Chapter 1,2 - Overview Flashcards
Statistical Learning refers to…
A vast set of tools for understanding data. These tools can be unsupervised or supervised.
Supervised vs Unsupervised Learning:
Supervised: Predicting/estimating an output based on one or more inputs. We have labels for the data already.
Unsupervised: inputs with no supervising output,; but we can still learn relationships and structure from data.
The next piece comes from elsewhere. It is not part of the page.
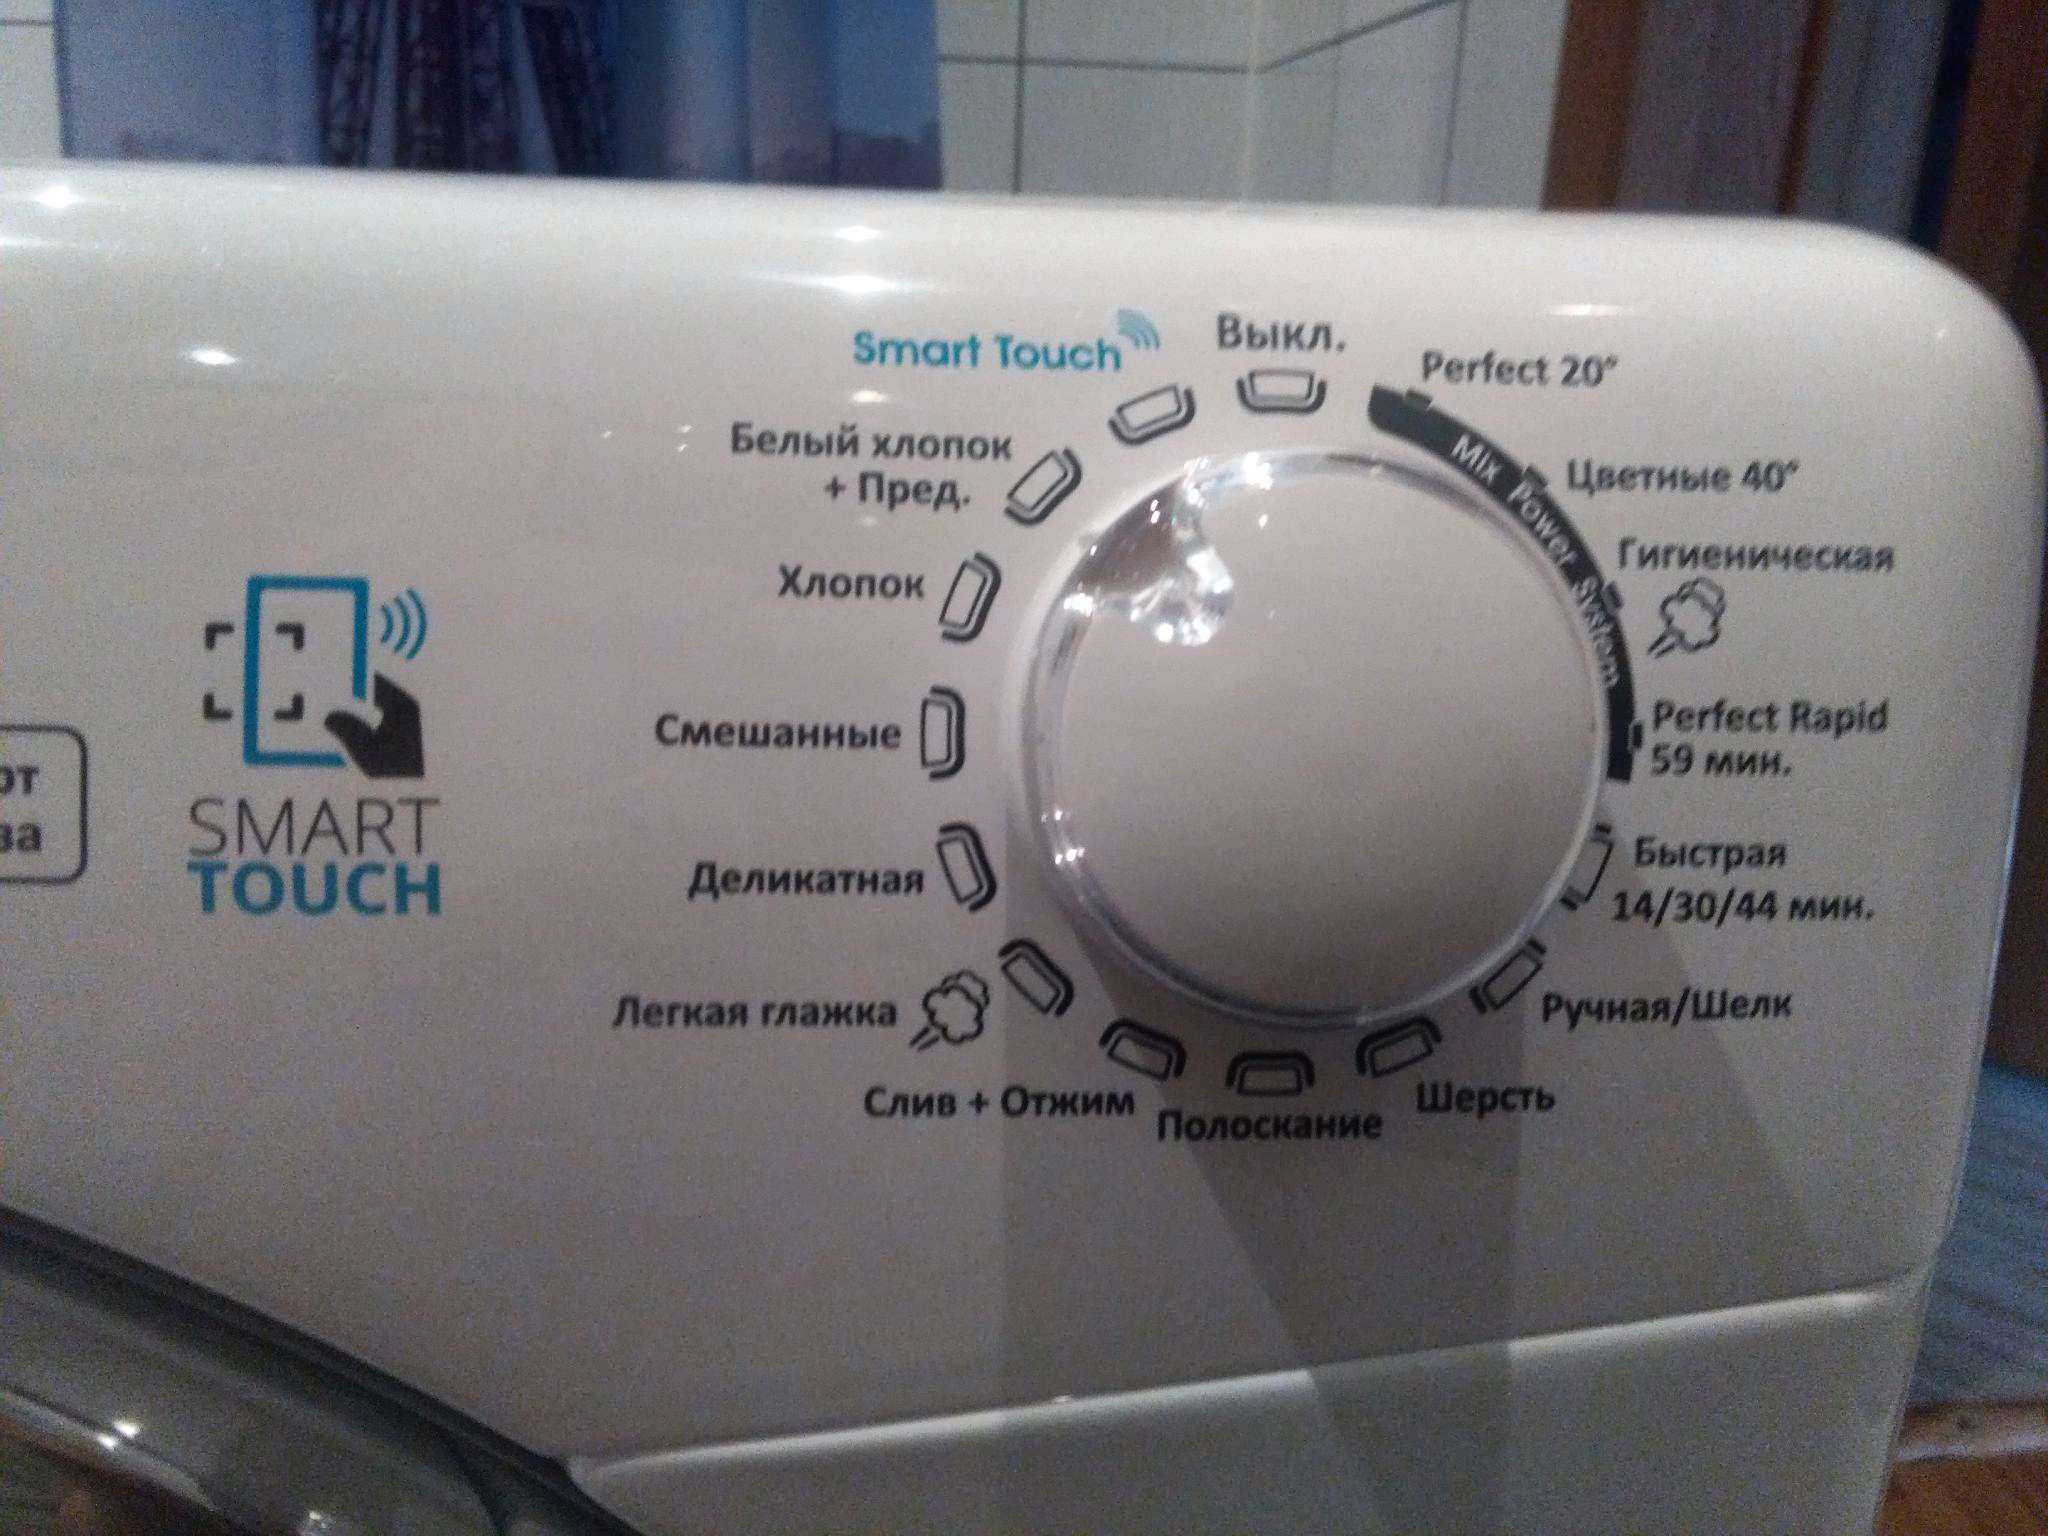 Сервис стиральных машин канди

When we want to predict our estimate a continuous or quantitative variable, what kind of problem is this?
Linear Regression
What is a Classification Problem?
When we are trying to predict a non-numerical value. Eg. Will stock prices go UP or DOWN (ignoring by how much)
What is a clustering problem?
Where we want to group variables based on observed characteristics.
No output variables for corresponding input variables, however we want to see data groups, structures and relationships.
Unsupervised.
What model/method could we use to predict a qualitative variable?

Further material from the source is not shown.